The slogan of the Casa Giarditta, a renovated turn of the century building we’d found on a European travel web site, is: "Do Not Be a Tourist!". The truth is, though, that confronting reality during a vacation is a bit risky. When we arrived in Palermo, lugging our packs down the Via Lincoln with its crumbling stone buildings and graffiti, we began to think we’d made a big mistake. This was the old city, a neighborhood of rowhouses the color of exhaust fumes, empty buildings and construction sites. Men lingered in the streets and stared at us. Broken glass littered the Piazza Kelsa and small cars blocked the sidewalks, forcing us to walk down the street like a two-woman parade.

After a couple of turns round the block, we found the unmarked side street that we hoped was the Via Savona. We perked up a bit. The buildings in the alley were freshly restored with iron balconies and window boxes blooming with impatiens. We found No. 10, rang the bell and Ida of the Casa Giarditta staff opened the lacquered green door. She chattered in rough English as she led us up a spotless marble stairway lit by skylights. We stepped into our second-floor apartment and nearly backed out again. It was more than we’d expected. Airy ceilings, a living room furnished with antiques, a stocked kitchen, bedroom, and a bathroom that in a pinch could hold a half dozen people.

Antique armoir and lacy tablecloth in our Casa Giuditta room.

Ida asked us to sit at the dining room table with the crochet tablecloth just as we were wondering if we’d been wrong about the price. But we hadn’t. For the keys to the apartment, we paid 175,000 Lire in cash per night (about $75) – more than worth it for independence from the typical hotel and hostel hells.

The off-the-beaten-path lodging changed the nature of our stay in Palermo. I took to the very Italian habit of hanging out on the balcony and watching the goings-on in the streets. One of the best meals we had in Italy we cooked up from vegetables we bought at the local stand: boiled potatoes from a vat, grilled onions, warm green beans floating in water, vine tomatoes, eggplant and zucchini supplemented with fresh bread from a bakery. Sure, we went shopping on the Via Roma, strolled through the museums and walked in the gardens with the other tourists. But when the day was done, we went to somewhere we could call home. If only for a short time.

The Palermo Cathedral is an architectural tossed salad with Norman, Byzantine and Moorish influences. It was a 20-minute walk from our rented apartment.

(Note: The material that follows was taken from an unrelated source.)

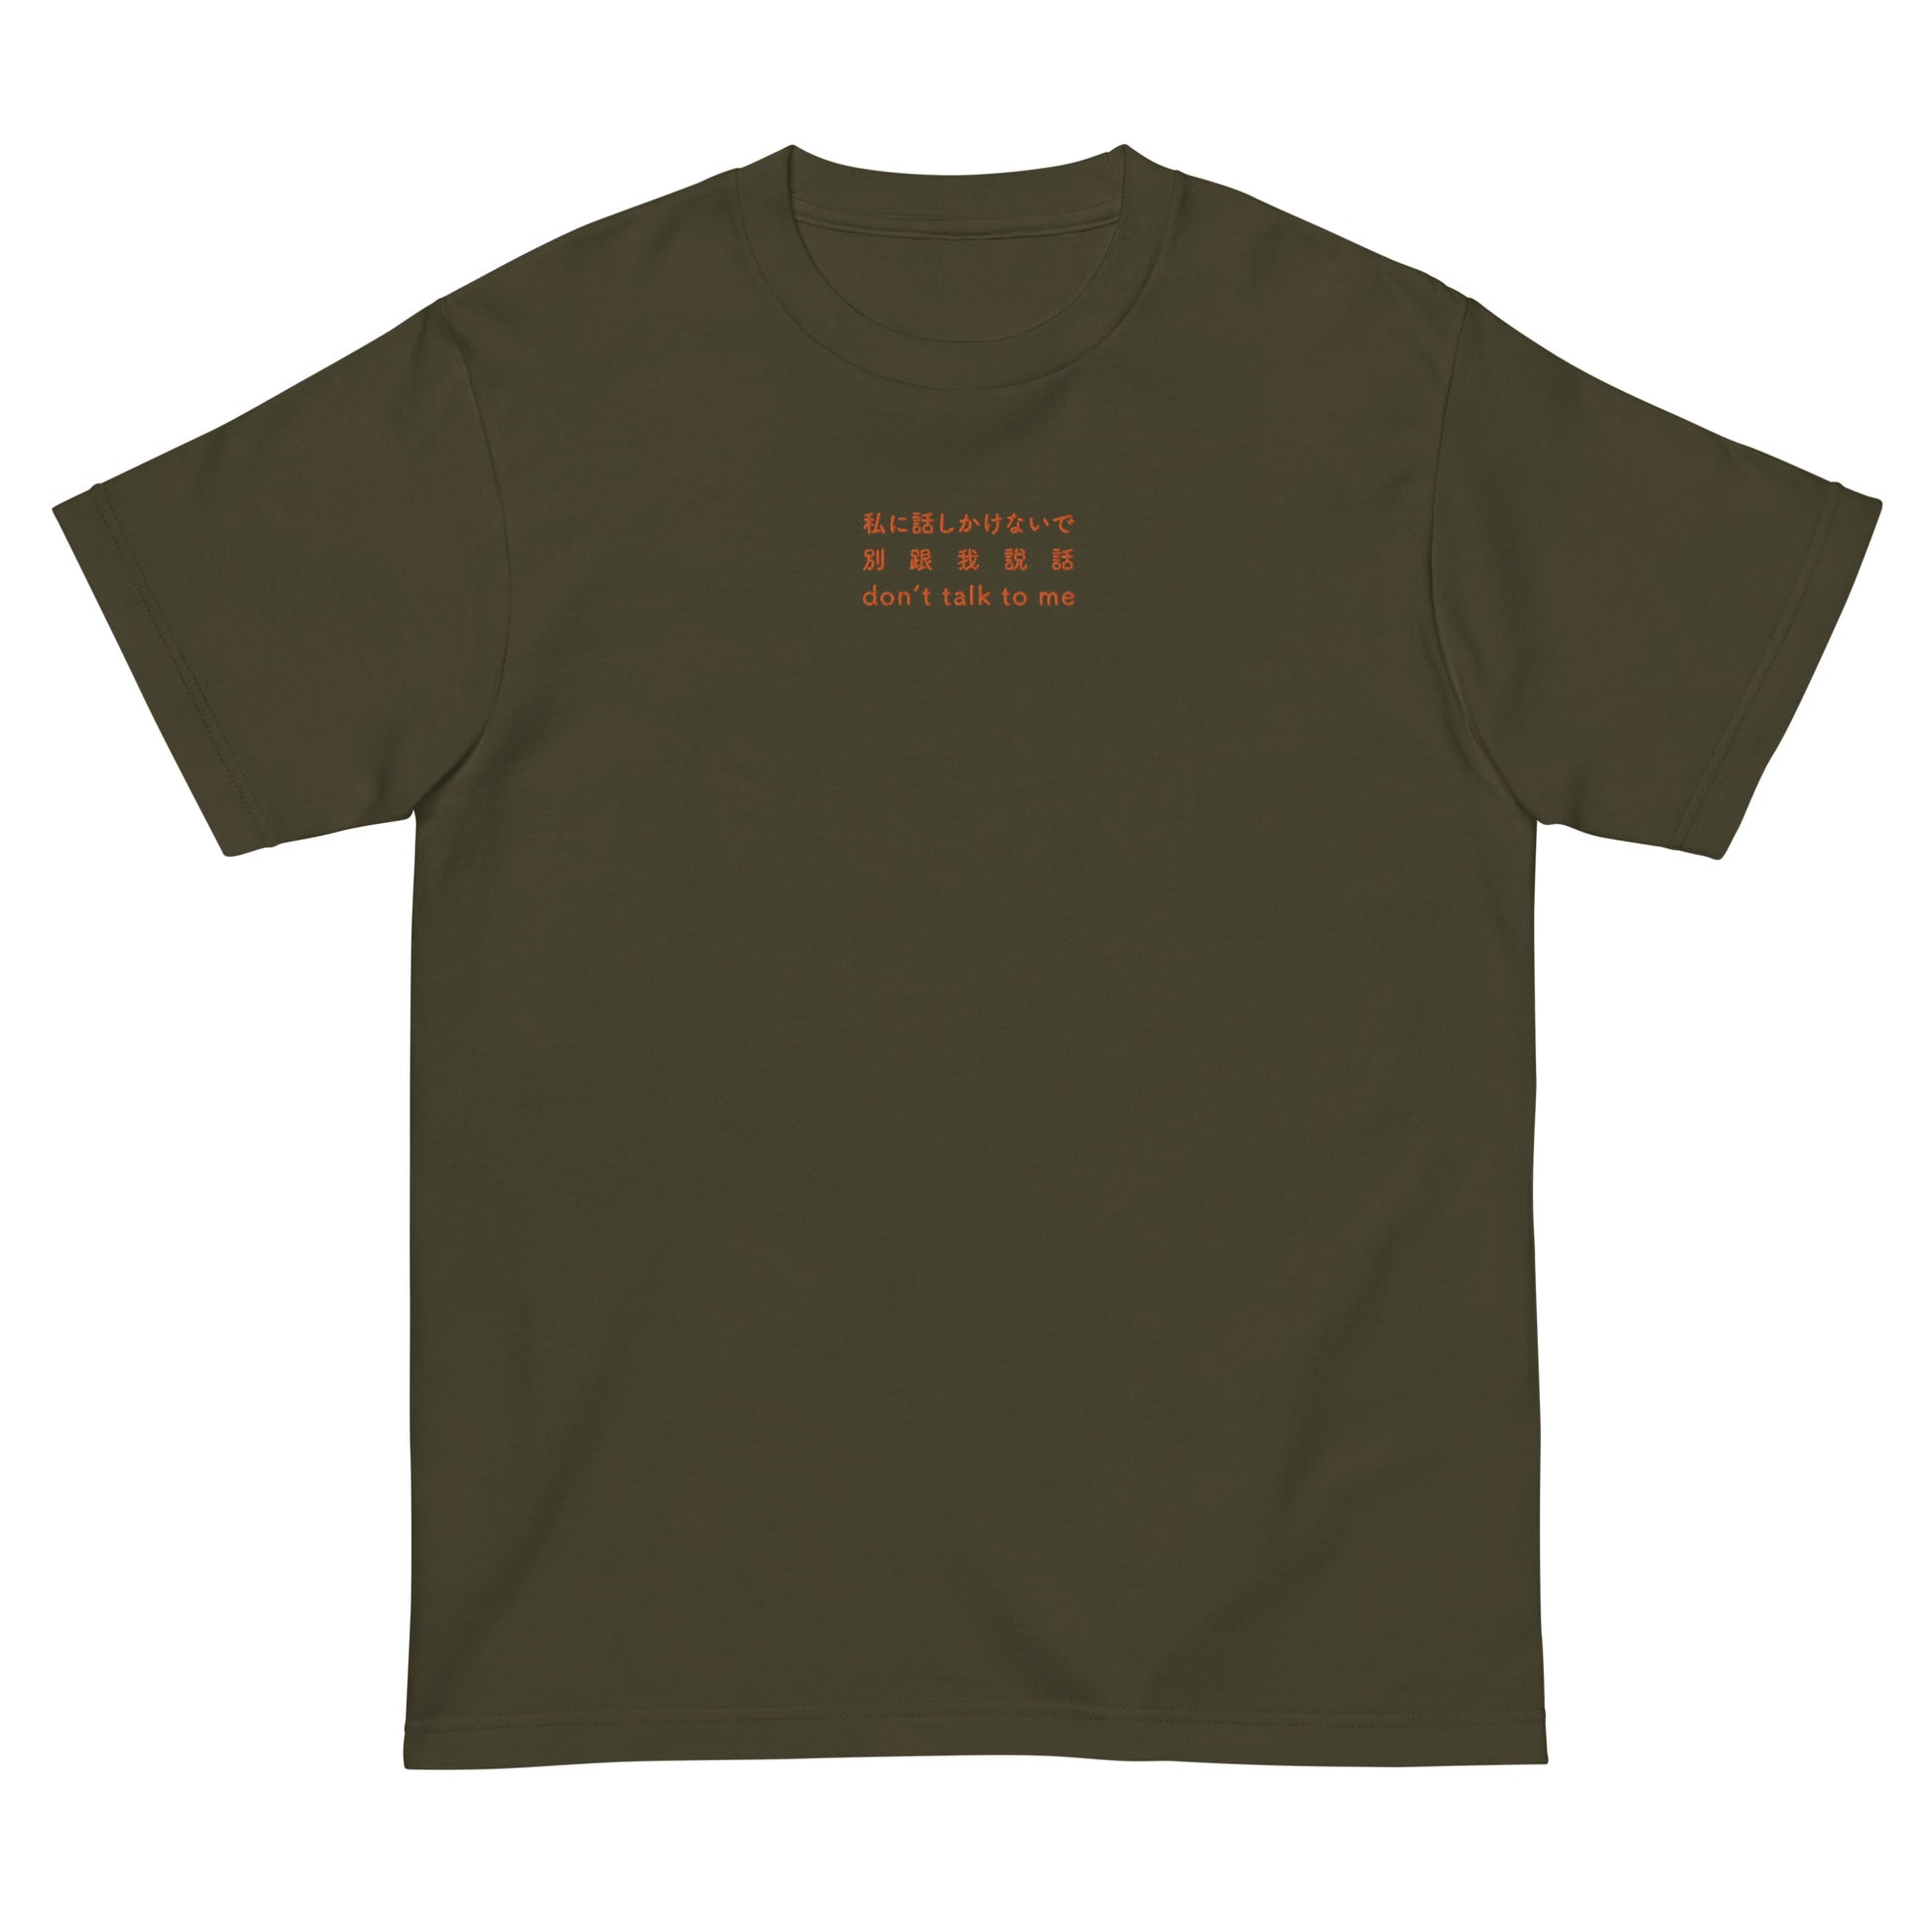 Green High Quality Tee - Front Design with an Orange Embroidery "don't talk to me" in Japanese,Chinese and English

And what of the poor stray dog that followed us to our home away from home? We stopped at a convenience shop down the street from the apartment and shelled out a few thousand lire for a pack of cold hot dogs. The stray padded after us to the apartment door. Mom stuck the key in the lock and we looked at each other, synchronizing without words. One – I ripped open the hotdog pack – two – I threw a couple hotdogs a few yards away but the stray just sat and grinned up at me – three!

I dropped the last hotdogs under the stray’s nose and we sprinted inside. Upstairs, we peered over the balcony to see how the stray had reacted to such betrayal. The good-natured dog wagged her tail and sniffed amid the rubble of the construction site across the street. No hard feelings, her tail seemed to say, and thanks for the snack.